Entre os muitos “convidados” de Kramer (gente famosa da comédia americana, uns vindos do mudo, outros da televisão e do “music hall”, nem todos especialmente célebres para as plateias internacionais mas muito familiares a um público americano) também por lá aparece Jerry Lewis. Não fará mal, então, lembrar um conhecido dito de Jean-Luc Godard sobre ele: que “era ainda mais engraçado quando não tinha graça”. Podemos adaptar isso ao filme de Stanley Kramer: o mais “engraçado” de It’s a Mad, Mad, Mad World é justamente não ter assim tanta “graça”; é funcionar por uma lógica de acumulação, repetição, ausência quase completa (mesmo que eventualmente apenas semi-deliberada) de espirito de síntese, que puxa tudo – a duração, a economia narrativa, os diálogos e as piadas verbais, os “gags” e as cenas de acção – ao máximo, sendo que esse máximo se confunde perigosamente com um ponto de esgotamento. Nesse sentido, “it’s a mad, mad, mad, mad, mad film” (com cinco “mads”) porque procurando ser a “comédia total” nos mostra bem como a “comédia” – tornada a regra do jogo – assim “totalitariamente” exposta, parece desligar-se dos seus fundamentos, e cometer uma espécie de suicídio. Reparar-se-á que, no fim, riem mais os actores (a cena no hospital) do que, com toda a probabilidade, riem os espectadores na sala. Esgotada a sua capacidade de rir (e esgotadas eventualmente, para o bem e para o mal, outras coisas, como a paciência), o espectador fica só com o riso do filme, e percebe, se calhar, que esse riso é todo o riso que resta.

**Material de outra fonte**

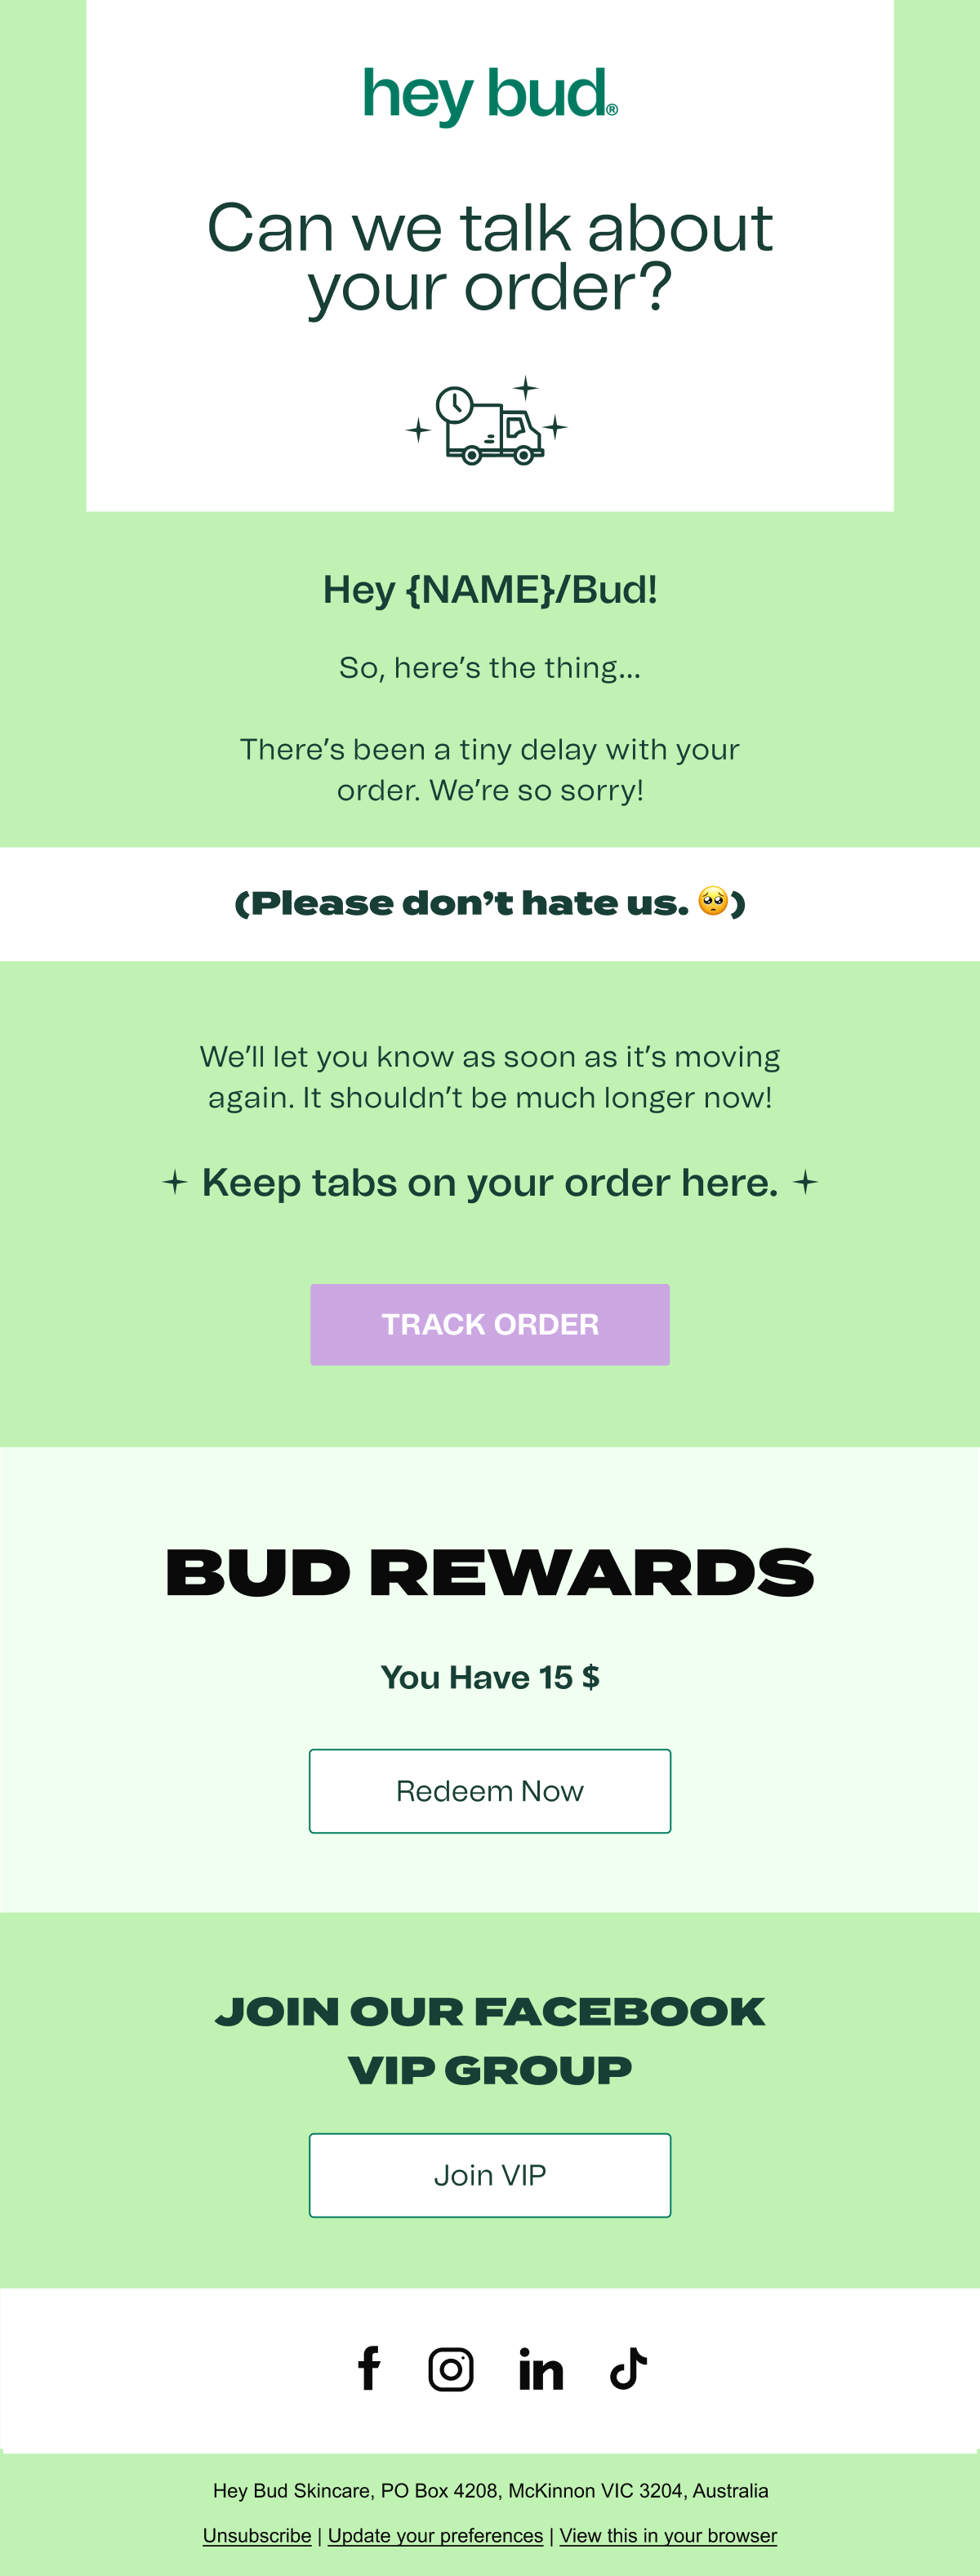 Hey Bud Delayed Shipment Notification Industry Email Template screenshot

O que faz sentido. Em oarte, como logo na altura foi notado, Kramer – mais conhecido pelos seus “dramas temáticos” (que também pelas melhores como pelas piores razão lhe atribuem um lugar singular na história de Hollywood) – não parece dominar muito habilmente os trâmites da comédia (e é forçoso pensar no que teria sido este filme caso ele tivesse sido dirigido por Frank Tashlin ou por Blake Edwards, a lógica cartoonesca de caos organizado do primeiro ou a elegância mordazmente venenosa do segundo). Há questões de ritmo, de “timing”, até da própria mecânica física fundamental aos gags (ver, por exemplo, a sequência da estação de serviço), que parecem falhar demasiadas vezes. Mas, por outra parte, há uma procura de grandiosidade no filme que se assemelha a um “dernier mot”, como se Kramer também quisesse fazer a comédia “definitiva”, o que equivale a dizer, um filme para “matar a comédia”. Eram os tempos dessas coisas, os primeiros anos da década de 1960, quando Hollywood descobrira (ou redescobrira, noutra escala) o “épico”, e a ideia de superprodução. It’s a Mad, Mad, Mad World está para a comédia como o Ben Hur para o drama histórico (ou é, como no drama bíblico de John Huston estreado poucos anos depois, “a maior comédia alguma vez contada”). E, provavelmente, embora sempre noutra escala ainda mais vasta, desde as aventuras de Chaplin e Keaton (este, também convidado de Kramer) os anos 20, a única superprodução cómica de Hollywood. O balão dessas superproduções rebentaria rapidamente – e o da comédia, por certo, rebentou logo aqui.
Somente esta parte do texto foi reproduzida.